The epic was inspired by these historic events. The Hilali leader Abu Zayd al-Hilali, here simply "Abu Zayd", is given an epic-styled birth: his mother, barren for eleven years, prays at a magic spring and invokes a black bird in hopes that she may become pregnant, saying "Give me a boy like this bird, / Black like this bird". Her request is taken literally and so her son is born with black skin, and because of that he and his mother are cast out by his people. "In Arab epic [black skin is] a sure sign of service status", but since he is noble is a born warrior and outcast simultaneously. His fate is to unite all the Bedouin tribes so they can conquer the Maghreb; before he can do that he must overcome two enemies: Khatfa, a Jewish leader, and Handal, an evil Muslim king.

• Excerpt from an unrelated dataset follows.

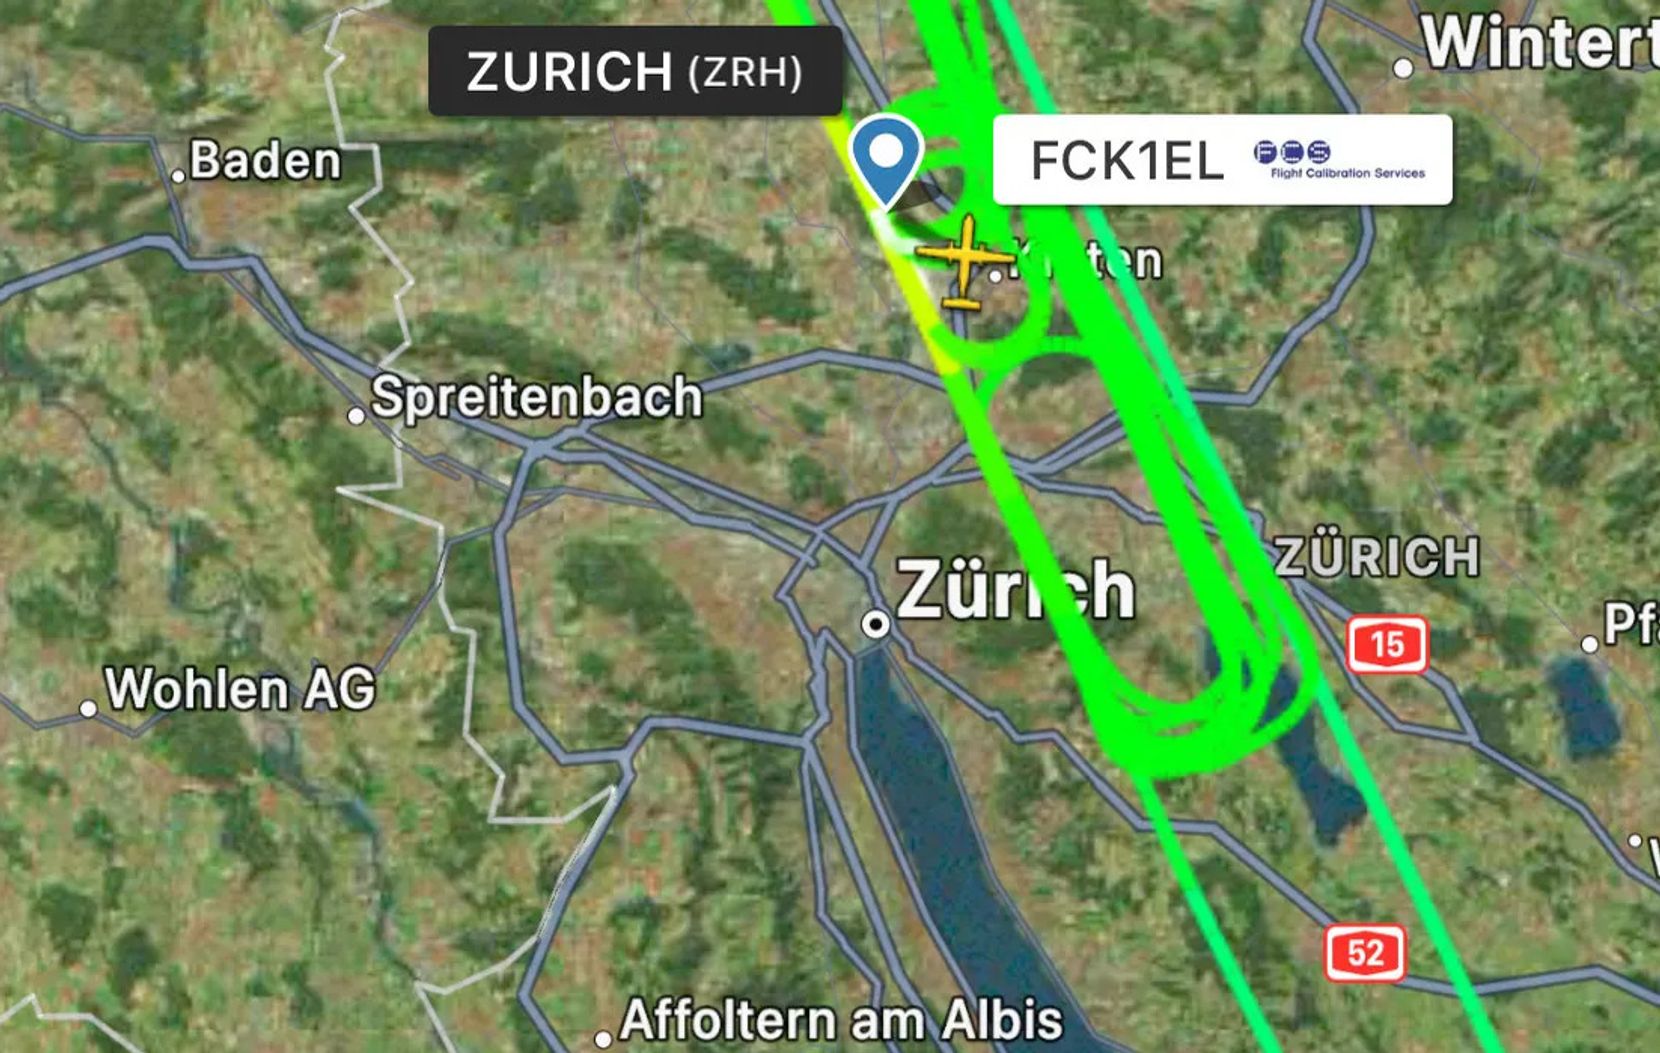 Man sieht eine Landkarte vom Kanton Zürich. Darauf sind mehrere leuchtgrüne Linien eingezeichnet, die die Messflüge über dem Glattal und dem Pfannenstiel zeigen.

Abu Zayd's rival is Khalifa al-Zanati, the hero of the tribe of Zenata. The war between the Arab Banu Hilal and the Berber Zenata is the main theme of the Sira named after Abu Zeid. Another character featured in the epic is Shehta (شحتة).

Women who feature in the epic include Su'da, a Berber princess who betrays her people and falls in love with an Arab.

== Transmission ==
The Sira was initially carried orally and handed down from generation to generation often in poem form via bards and then recorded later in many variants.

The Egyptian poet and writer Abdel Rahman el-Abnudi has made an exhaustive collection of the Sira, travelling from Egypt to Libya to Tunisia to document the variants of the epic.

The epic was narrated by storytellers in cafés well into the 20th century, much like the Baibars biography.

== The Hilali performance ==
The Hilali performers come from specific families for whom these performances were once used to be their sole source of income. The performers often begin their apprenticeships at the age of five and their training goes on for at least ten years. During the course of this demanding apprenticeship the poets perfect their memory, singing and instrument playing skills and learn the art of extemporaneous commentary to render traditional plots relevant to their contemporary audiences. Traditionally, the Al-Sirah Al-Hilaliyyah has been performed at social and private events such as weddings, circumcision ceremonies and private gatherings and the performances often last between 50 and 100 hours.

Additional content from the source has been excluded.